Before its role in these movements was recognized, the budding yeast Ndj1 protein was known to promote bouquet formation, the normal kinetics of SC formation, and the usual pattern of meiotic recombination; to maintain low levels of ectopic recombination (genetic exchanges between homologous DNA sequences in nonallelic locations); and, ultimately, to reduce the frequency of aneuploidy –. Ndj1 also plays a role in anchoring telomeres to the inner nuclear envelope , apparently by stabilizing the association of telomeres with the transmembrane SUN protein, Mps3 . Reports that the meiosis-specific budding yeast protein Csm4 is similar to Ndj1 in being required to prevent aneuploidy  led the authors of the two current papers to ask, in remarkable molecular detail, whether the meiotic requirements for Csm4 are similar to those for Mps3 and Ndj1. The simple answer is “Yes,” but the angel is in the details.
The authors find that Csm4, unlike Mps3 and Ndj1, is not required to anchor telomeres to the nuclear envelope but is required for telomeres to engage in the RPMs (see ,). Nevertheless, the impact on the progress of recombination, in all its currently understood molecular intricacies, is similar—delays in the appearances of recombination intermediates begin very early in prophase and persist or lengthen as prophase progresses. The implication of these observations is that the RPMs are the critical factor rather than telomere tethering to the nuclear envelope per se. So then, what is the role of the RPMs? Here, the authors diverge somewhat in their answers. The paper from the Shinohara lab proposes that RPMs promote the biochemistry of recombination more or less directly, perhaps by affecting chromosome structure . The paper from the Alani and Kleckner labs proposes that RPMs function during an early phase when the cell determines which early recombination intermediates will become crossovers. They suggest that delays in this phase, perhaps due to a requirement for Ndj1 and Csm4 to resolve chromosome interlocks (at zygotene, see Figure 1), generates the subsequent defects . Tests of these hypotheses will require considerable ingenuity in experimental design.

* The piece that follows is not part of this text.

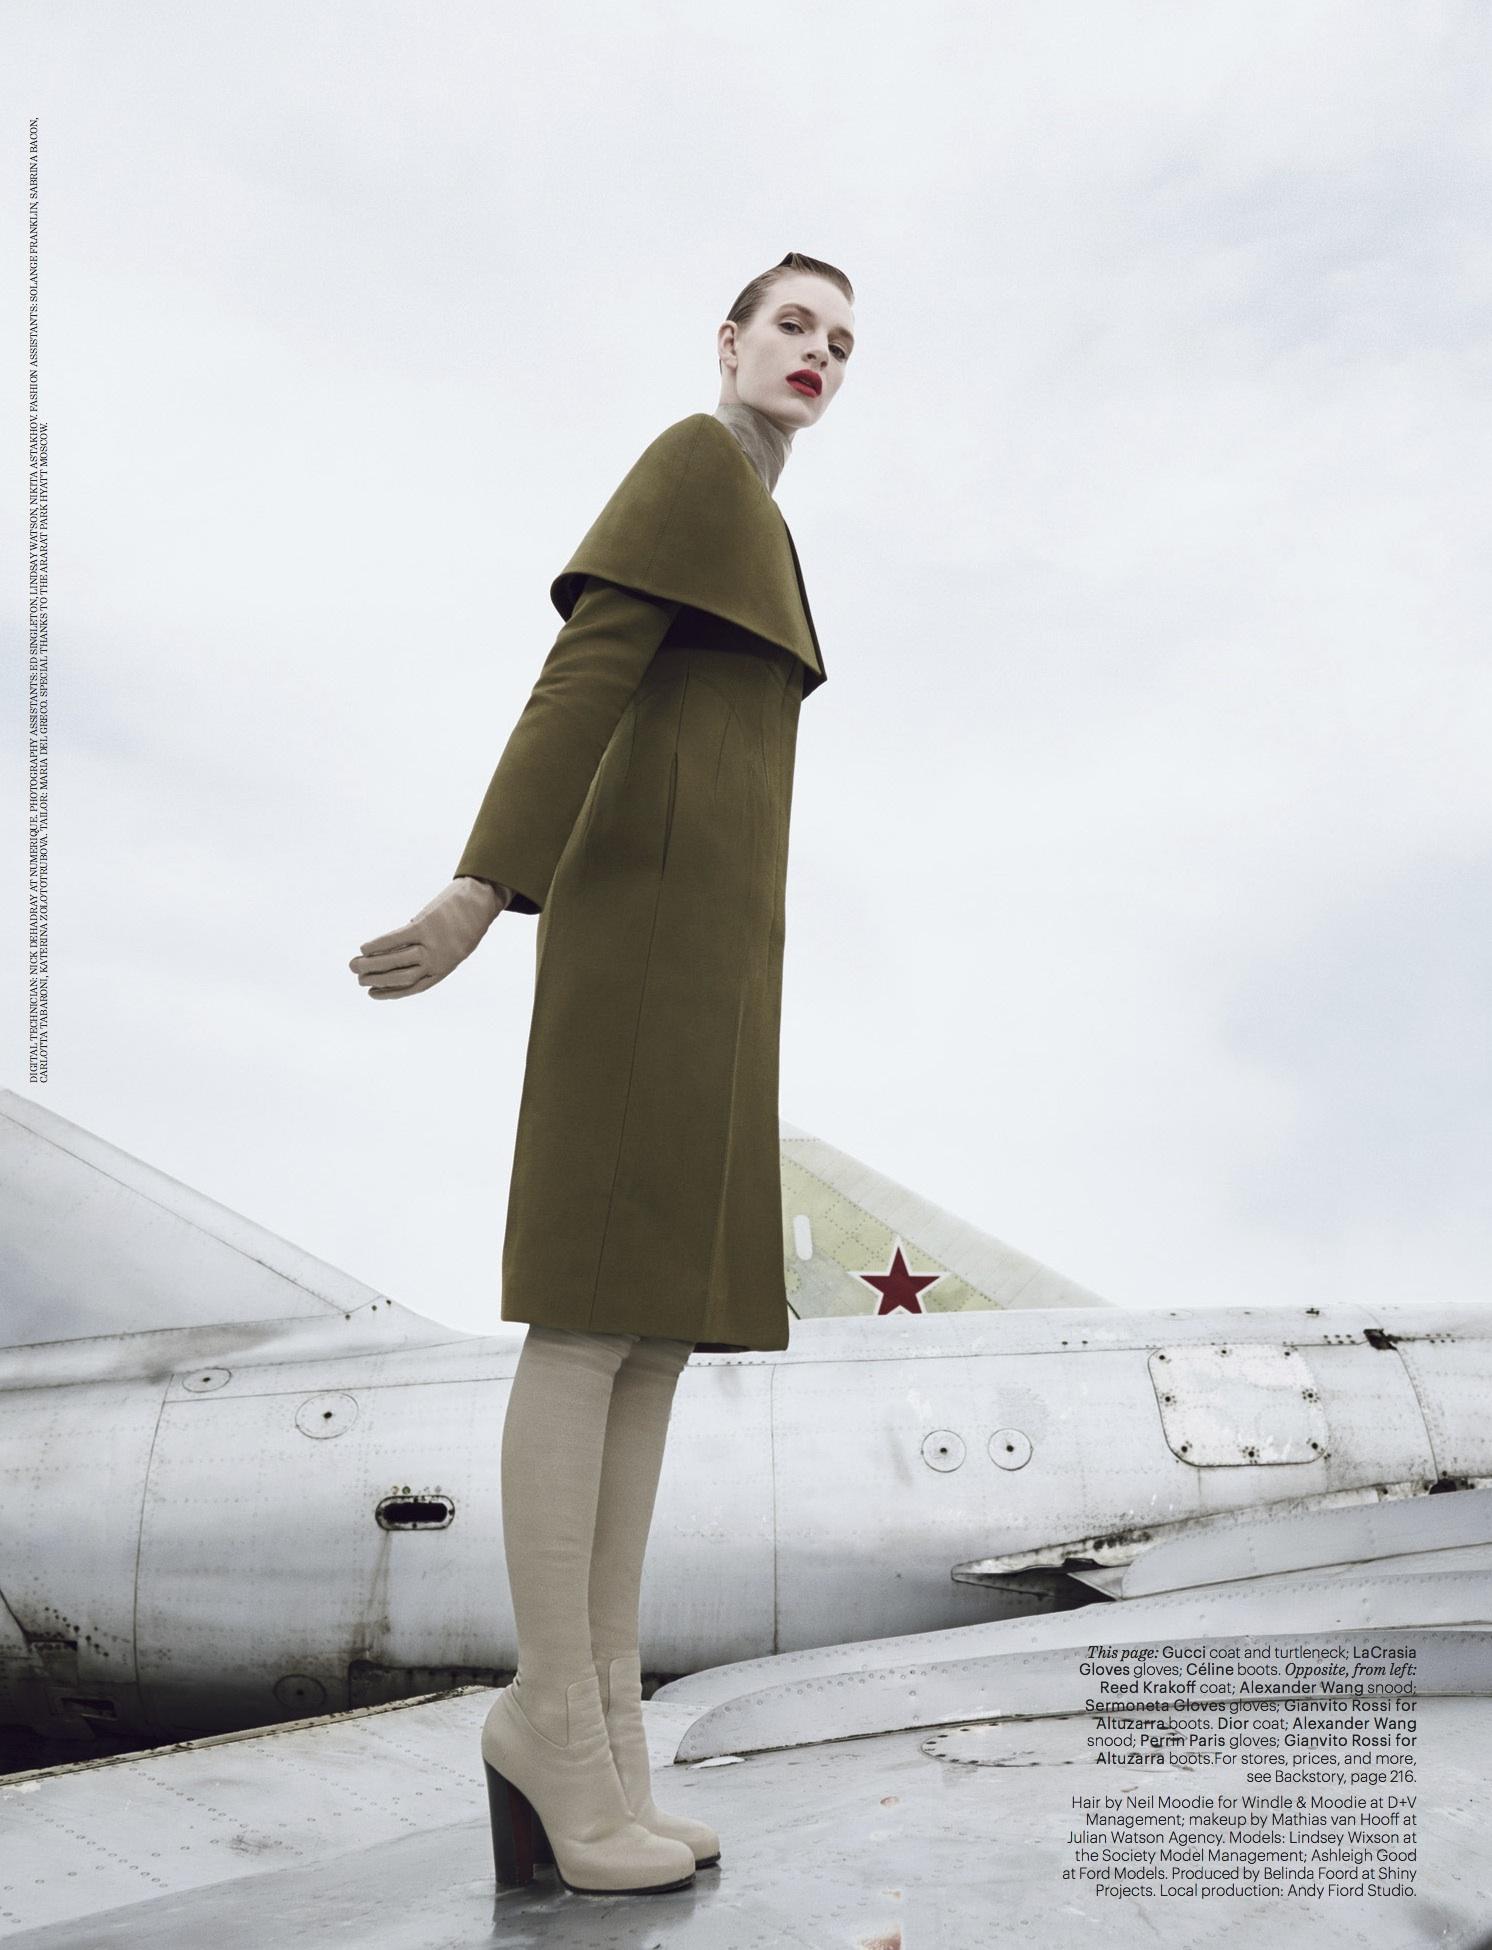 Giovanna-Battaglia-7-Super-Fly-W-Magazine-Emma-Summerton.jpg

A simple and striking conclusion from these papers is that mechanical energy, pumped into the nucleus via the telomeres, contributes critically to the work of genetic recombination. Identification of the MNC complex (Mps3, Ndj1, Csm4) in Sa. cerevisiae and of related structures and pathways in other organisms is only the beginning to understanding how these transnuclear envelope tethers are constructed and regulated. Understanding how these connections and the movements they foster contribute to the faithful segregation of chromosomes in meiosis will be challenging and rewarding, like the middle school dance.